By the end of this notebook, you will:
- Implement a transformer from the ground up
- Understand every component in detail
- Train a small transformer on a toy task
- Debug and visualize the training process
- Gain practical implementation experience

## Setup and Imports

In [None]:
import numpy as np
import torch
import torch.nn as nn
import torch.nn.functional as F
import torch.optim as optim
from torch.utils.data import Dataset, DataLoader
import matplotlib.pyplot as plt
import seaborn as sns
from typing import Optional, Tuple, Dict, List
import math
import time
from tqdm import tqdm

# Set random seeds
np.random.seed(42)
torch.manual_seed(42)

# Device configuration
device = torch.device('cuda' if torch.cuda.is_available() else 'cpu')
print(f"Using device: {device}")

# Plotting configuration
plt.style.use('seaborn-v0_8-darkgrid')
plt.rcParams['figure.figsize'] = (10, 6)
plt.rcParams['font.size'] = 12

## 1. Building Blocks: Scaled Dot-Product Attention

Let's start with the fundamental building block.

In [None]:
def scaled_dot_product_attention(query: torch.Tensor, 
                               key: torch.Tensor, 
                               value: torch.Tensor,
                               mask: Optional[torch.Tensor] = None,
                               dropout: Optional[nn.Dropout] = None) -> Tuple[torch.Tensor, torch.Tensor]:
    """
    Compute scaled dot-product attention.
    
    Args:
        query: [batch_size, n_heads, seq_len, d_k]
        key: [batch_size, n_heads, seq_len, d_k]
        value: [batch_size, n_heads, seq_len, d_v]
        mask: [batch_size, 1, 1, seq_len] or [batch_size, 1, seq_len, seq_len]
        dropout: Dropout layer
    
    Returns:
        output: [batch_size, n_heads, seq_len, d_v]
        attention_weights: [batch_size, n_heads, seq_len, seq_len]
    """
    d_k = query.size(-1)
    
    # Compute attention scores
    scores = torch.matmul(query, key.transpose(-2, -1)) / math.sqrt(d_k)
    
    # Apply mask if provided
    if mask is not None:
        scores = scores.masked_fill(mask == 0, -1e9)
    
    # Apply softmax
    attention_weights = F.softmax(scores, dim=-1)
    
    # Apply dropout if provided
    if dropout is not None:
        attention_weights = dropout(attention_weights)
    
    # Apply attention to values
    output = torch.matmul(attention_weights, value)
    
    return output, attention_weights

# Test scaled dot-product attention
batch_size = 2
n_heads = 8
seq_len = 10
d_k = 64

# Create random tensors
query = torch.randn(batch_size, n_heads, seq_len, d_k)
key = torch.randn(batch_size, n_heads, seq_len, d_k)
value = torch.randn(batch_size, n_heads, seq_len, d_k)

# Compute attention
output, attention_weights = scaled_dot_product_attention(query, key, value)

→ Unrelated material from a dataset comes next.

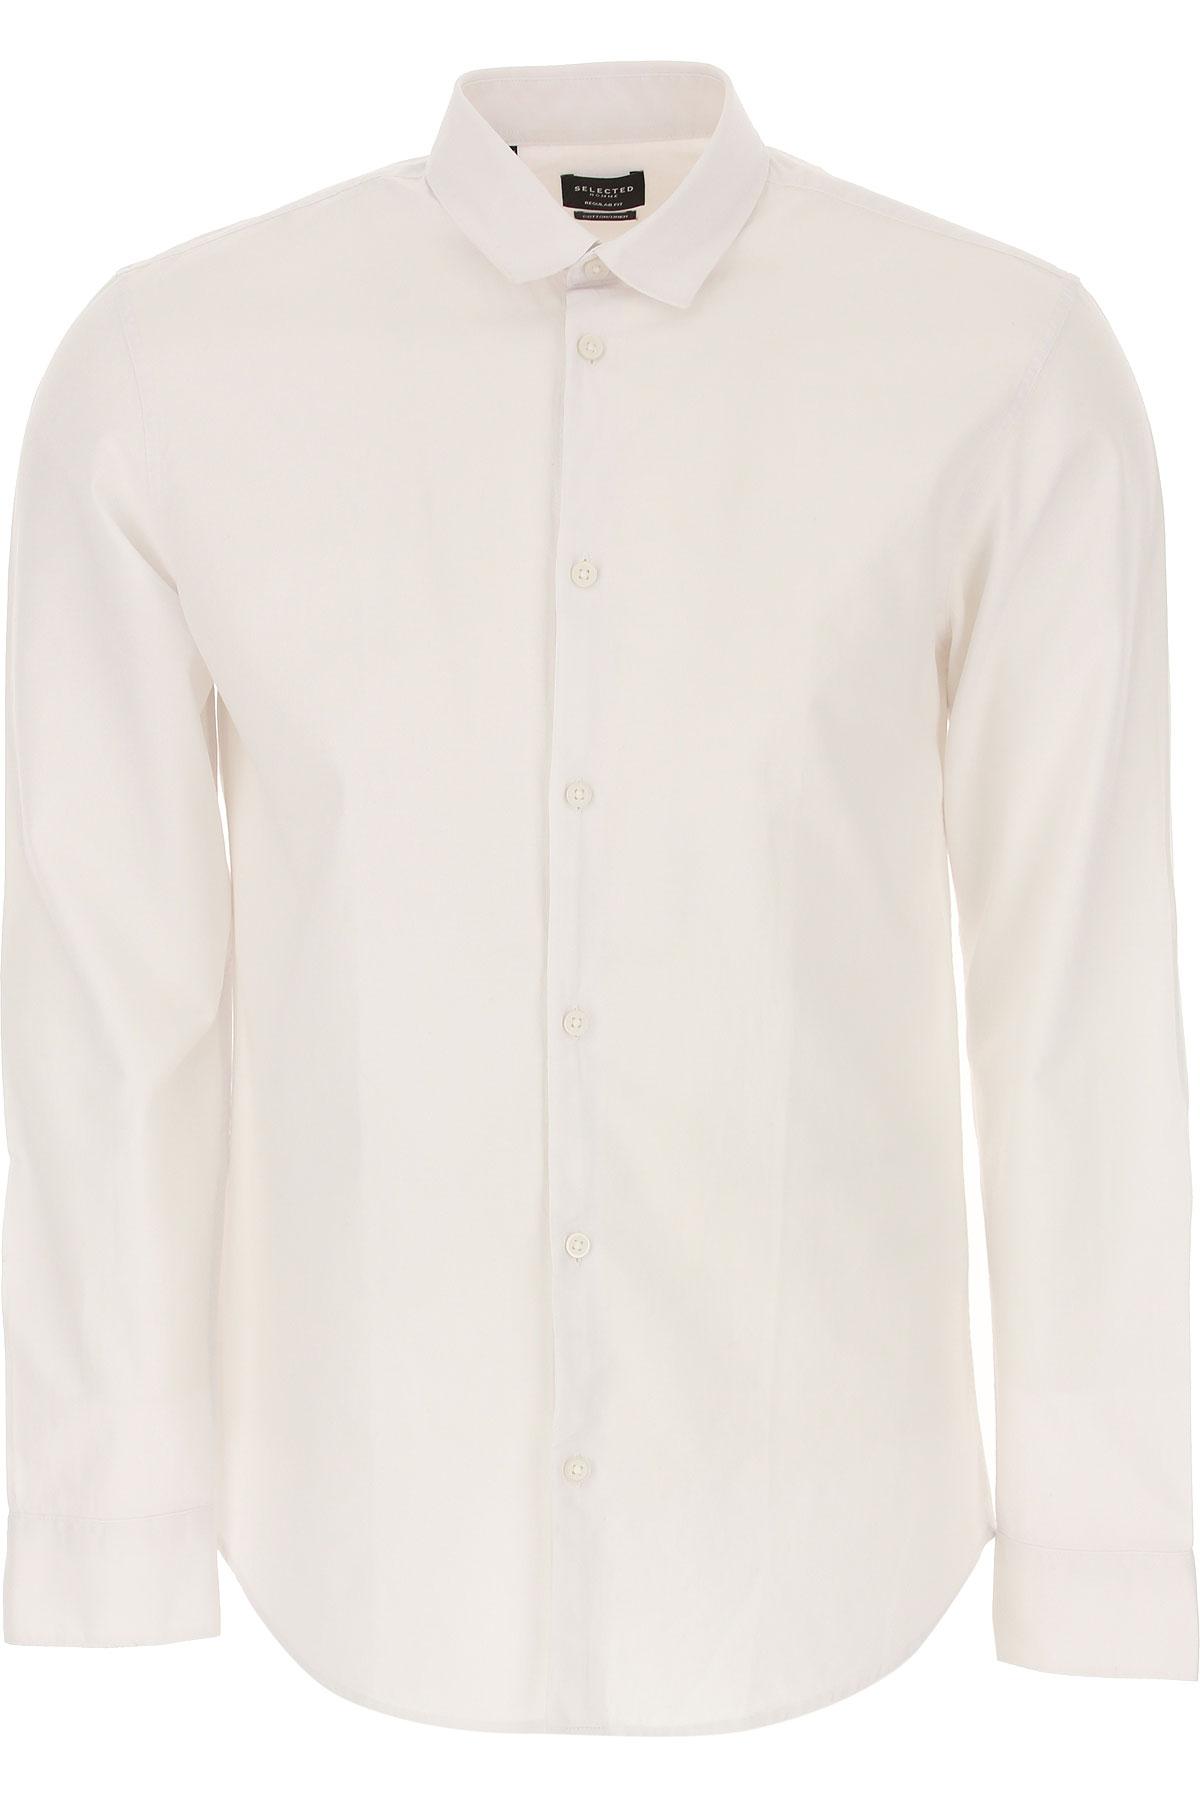 Selected Shirt for Men On Sale, White, Cotton, 2019, M • IT 48 L • IT 50 XL • IT 52
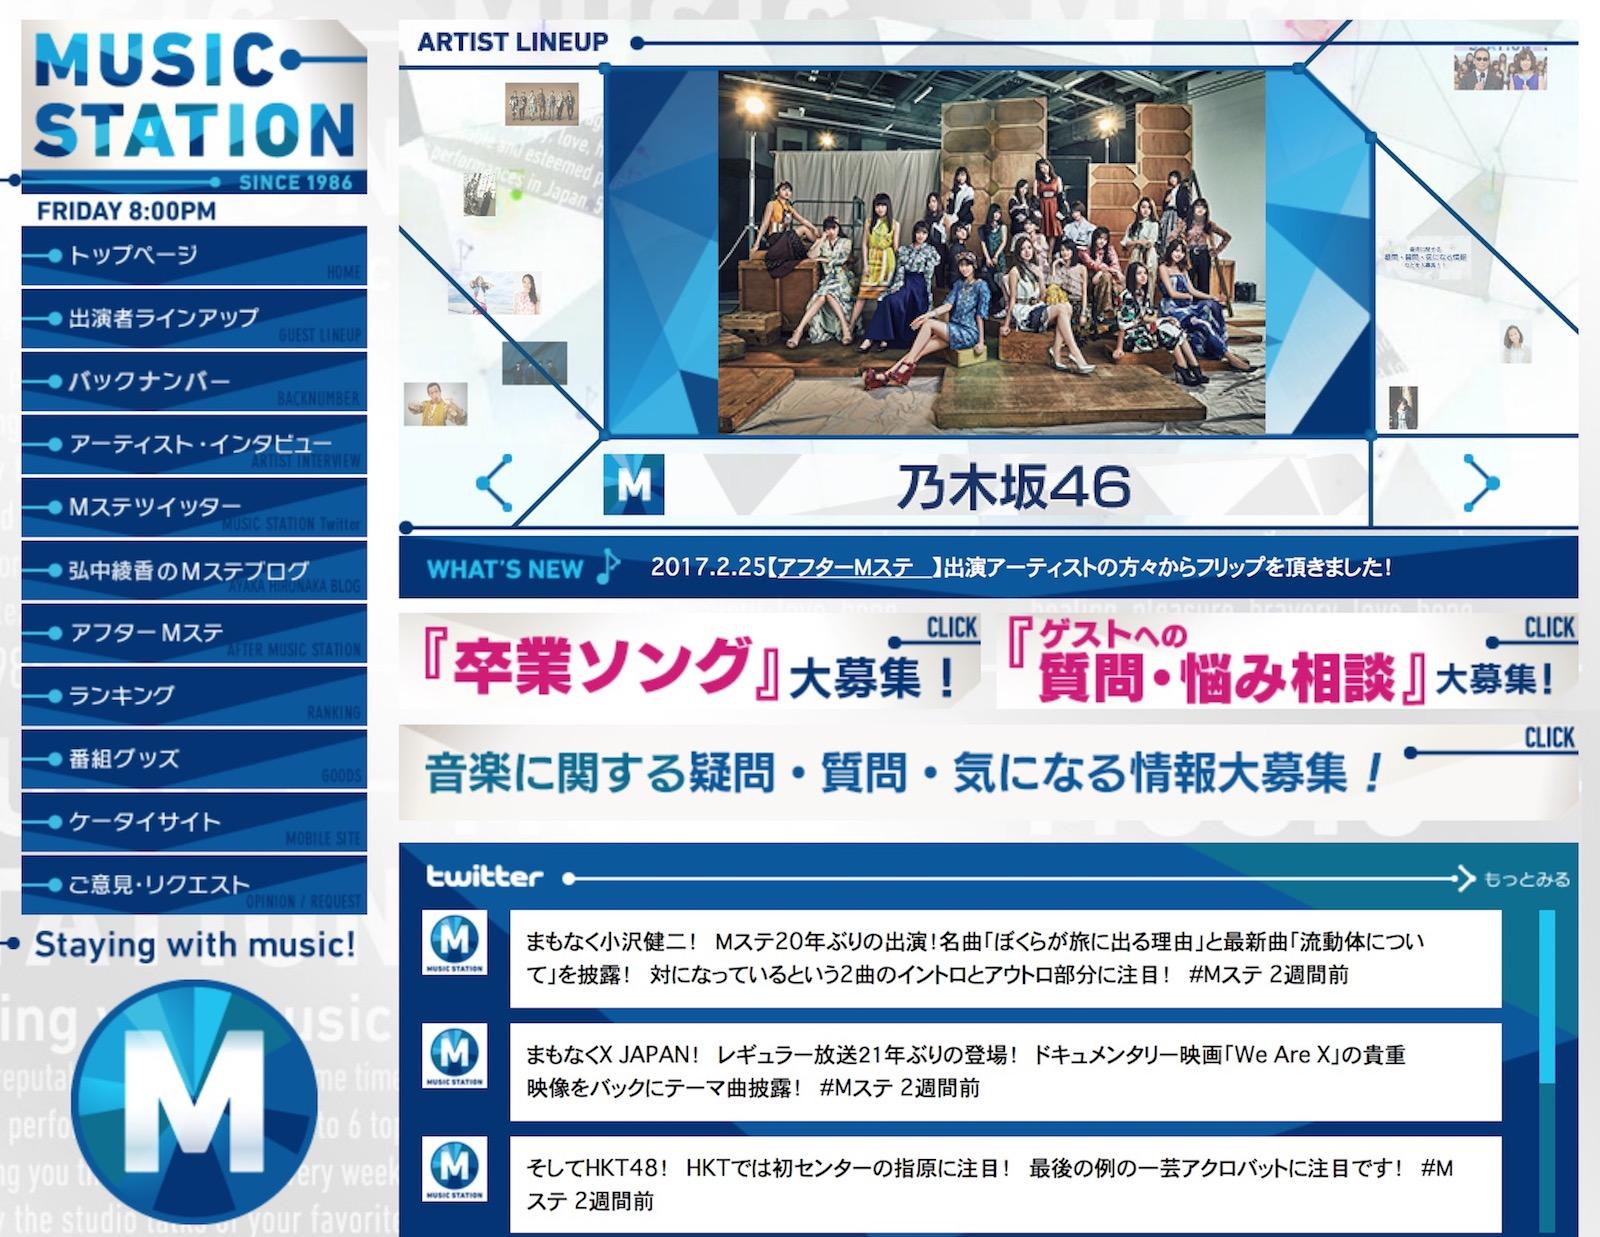 乃木坂46、3月17日「Mステ」で新曲『インフルエンサー』披露

print(f"Output shape: {output.shape}")
print(f"Attention weights shape: {attention_weights.shape}")

# Visualize attention weights
plt.figure(figsize=(8, 6))
sns.heatmap(attention_weights[0, 0].detach().numpy(), cmap='Blues', cbar=True)
plt.xlabel('Key Position')
plt.ylabel('Query Position')
plt.title('Attention Weights Visualization')
plt.tight_layout()
plt.show()

## 2. Multi-Head Attention Implementation

Now let's build the multi-head attention module.

In [None]:
class MultiHeadAttention(nn.Module):
    def __init__(self, d_model: int, n_heads: int, dropout: float = 0.1):
        super().__init__()
        assert d_model % n_heads == 0, "d_model must be divisible by n_heads"
        
        self.d_model = d_model
        self.n_heads = n_heads
        self.d_k = d_model // n_heads
        
        # Linear projections for Q, K, V
        self.W_q = nn.Linear(d_model, d_model, bias=False)
        self.W_k = nn.Linear(d_model, d_model, bias=False)
        self.W_v = nn.Linear(d_model, d_model, bias=False)
        self.W_o = nn.Linear(d_model, d_model)
        
        self.dropout = nn.Dropout(dropout)
        
        # Initialize weights
        self._init_weights()
        
    def _init_weights(self):
        # Xavier initialization
        for module in [self.W_q, self.W_k, self.W_v, self.W_o]:
            nn.init.xavier_uniform_(module.weight)
            if module.bias is not None:
                nn.init.constant_(module.bias, 0)
                
    def forward(self, query: torch.Tensor, key: torch.Tensor, value: torch.Tensor,
                mask: Optional[torch.Tensor] = None) -> Tuple[torch.Tensor, torch.Tensor]:
        batch_size = query.size(0)
        seq_len = query.size(1)
        
        # Project and reshape to [batch_size, n_heads, seq_len, d_k]
        Q = self.W_q(query).view(batch_size, seq_len, self.n_heads, self.d_k).transpose(1, 2)
        K = self.W_k(key).view(batch_size, seq_len, self.n_heads, self.d_k).transpose(1, 2)
        V = self.W_v(value).view(batch_size, seq_len, self.n_heads, self.d_k).transpose(1, 2)
        
        # Apply scaled dot-product attention
        attention_output, attention_weights = scaled_dot_product_attention(
            Q, K, V, mask, self.dropout
        )
        
        # Concatenate heads
        attention_output = attention_output.transpose(1, 2).contiguous().view(
            batch_size, seq_len, self.d_model
        )
        
        # Final linear projection
        output = self.W_o(attention_output)
        
        return output, attention_weights

# Test multi-head attention
d_model = 512
n_heads = 8
mha = MultiHeadAttention(d_model, n_heads)

# Create input
x = torch.randn(2, 10, d_model)
output, attn_weights = mha(x, x, x)  # Self-attention

print(f"Multi-Head Attention:")
print(f"Input shape: {x.shape}")
print(f"Output shape: {output.shape}")
print(f"Number of parameters: {sum(p.numel() for p in mha.parameters()):,}")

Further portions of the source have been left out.